I was concentrating mostly on the area near the village, but now, I’ll attempt to tell you how to have a good walk, t’other way.

It’s hard to describe how to get to a point at which you could park your car ( presuming you’re in a car), as where I’m aiming to take you, is mostly just roads, no actual parking places, as such.  I’ve done a rough map………

Bernies map of Birsay

And it is, very rough, but can give you an idea, especially if you use it with a proper map, too.  It is possible to tuck a car in by some of the wider gateways or tracks, but please, please, be considerate and  remember that farmers may need to use the gates and tracks.

After all that preamble, I’ll describe the walk.

Birsay sandy beach B BellYou can start off by heading down to the sandy beach, along the field track labelled on my crap-map, taking care if there are cattle in the field.

Once on the beach, it’s simply a pleasant walk, on a sandy beach, with views of the Brough to your right, and Marwick Head to your left.

You can stroll along as far as the river, just enjoying the sights and sounds of the place, maybe finding some beach-comber type treasures,  then back again.

Then, back at the point where the field track, other track and road meet ( see my map) if you head  up the ‘other track’, then turn left along the cliffy bit, you can, if you’re agile enough, carry on from here, along the path heading for Marwick Head and the Kitchener Memorial, and beyond, if you so wish!

Kitchener Memorial B Bell

This memorial is to commemorate the sinking of HMS Hampshire and  HMS  Drifter, and there are information boards about this, by the monument.

From here, and the area around the monument, you can get stunning views.  On a clear day you can look down, along  the coast, and over to Hoy and the ’Old Man’ or, in the other direction, there’s  the Brough of Birsay and then,  way over to Noup Head on Westray.  A grand spot, where you just  keep having to stand and look about you.

And now, I’ll tell you about an interesting little bit of local history which we heard of, last time we walked this path. We’d gone along as far as the memorial on Marwick Head, and were heading back when, quite near to where we would turn right, onto the main track, we met a couple that we know.  As we stood chatting, an elderly man approached and started to tell us about the nearby natural swimming pools.  He pointed out some roughly rectangular pools, in the rocks just down from us.  He said that, when he was young, these were used as natural swimming pools by the folk of the area.  None of us had ever heard of this – we just saw another piece of the rocky bit of that section of coast. When he pointed them out to us, it was reasonably clear to see that there are some sections among the rocks, which, when the tide is out, would make natural pools, easily accessible from the shore.

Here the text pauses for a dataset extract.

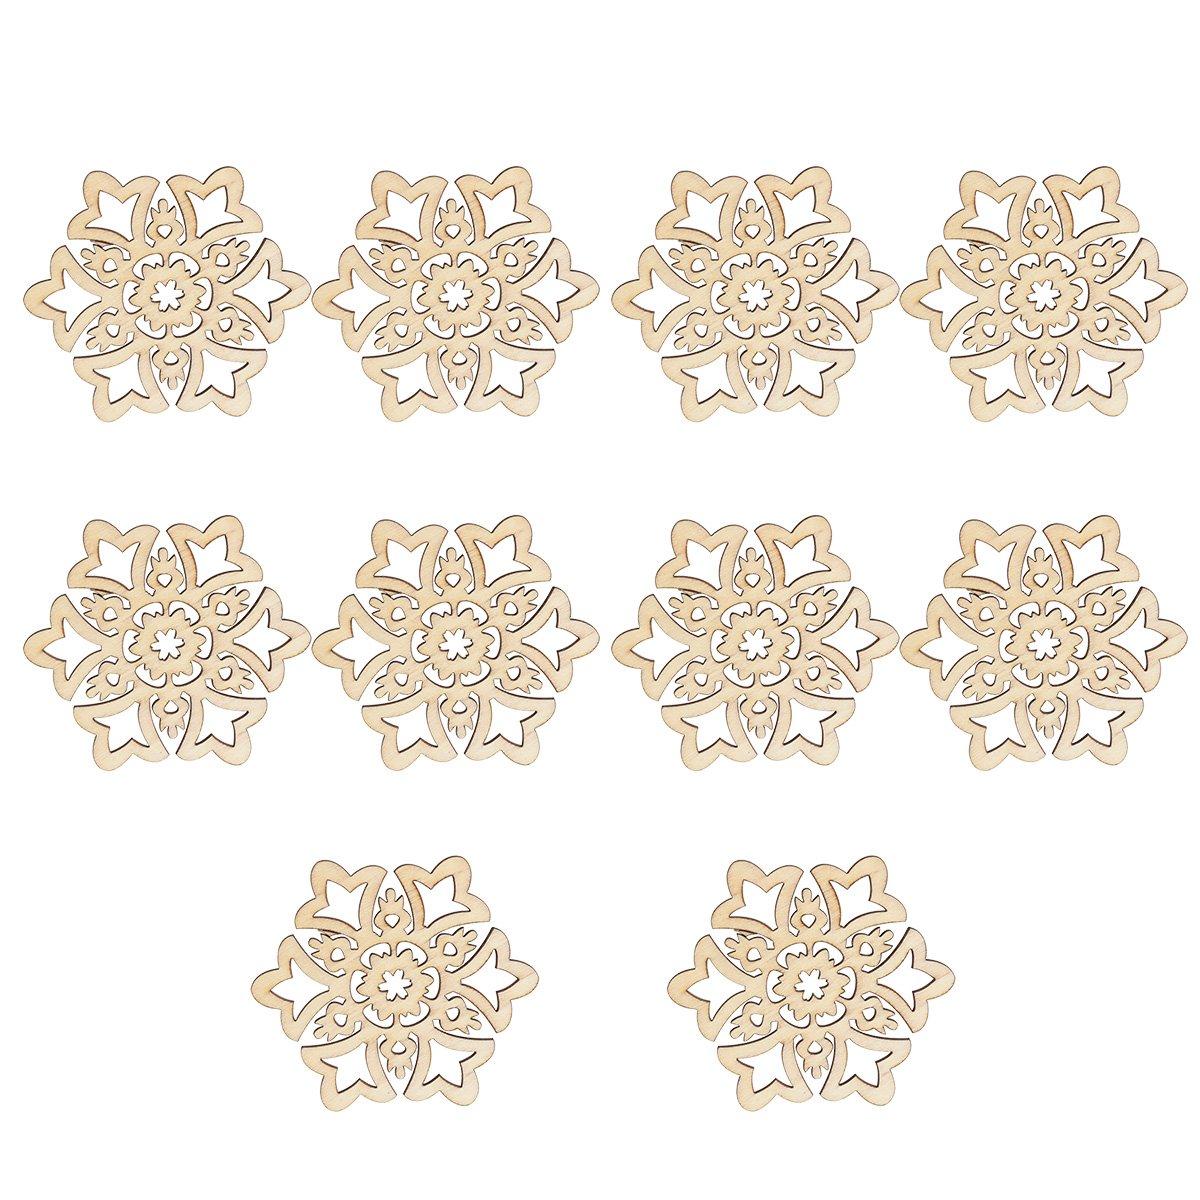 ULTNICE Fiocco di neve in legno Abbelimento decorativo per Natale Ciondoli fiocco di neve da appendere con Corda per canapa(10 pcs

Birsay pools B BellIt looks like they aren’t used for sea bathing any more, and, possibly, that little bit of Birsay history is being forgotten.  So, I thought I’d write this, to carry on the memory  a bit longer.  You never know, some may take to swimming there again – just the place for the Orkney Polar Bears?

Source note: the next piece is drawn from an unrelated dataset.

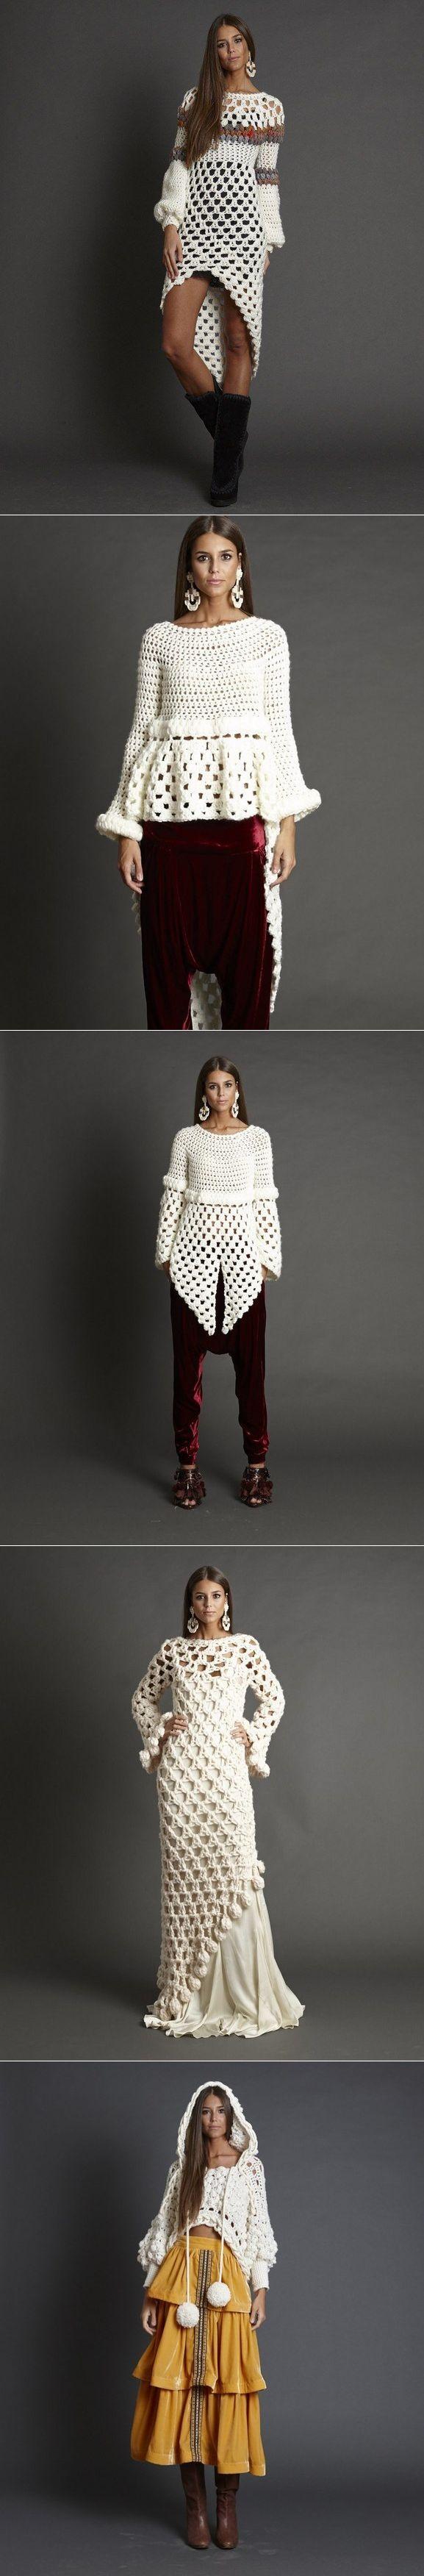 Испанский бренд одежды Zaitegui. Для вдохновения

As I keep on saying – it’s good to talk.

Related story: Remembering the 737 Men Lost on HMS Hampshire


3 replies »

  1. MRwick Head is one of my favourite Orkney places. If you walk past the Kitchener Monument towards the stone at the end of the cliffs there’s a natural seat there right at the edge sunken into the ground. I love to sit here and watch the rows of Guillemots, with Fulmars flying just feet away from you, hanging in the breeze as they check you out. And I’ve seen quite a few Puffins from there, usually solitary, among the Guillemots and Razorbills.
    Last year I witnessed a great scrap between two big Black Backed Gulls. One was on a ledge, the other landed on top of it and the scrap commenced, feathers being pulled out and peckings galore, resulting in both birds falling off intertwined and cartwheeling towards the sea and rocks below. I couldn’t see the end of the fall, but it wasn’t looking good, and the birds weren’t trying to break away.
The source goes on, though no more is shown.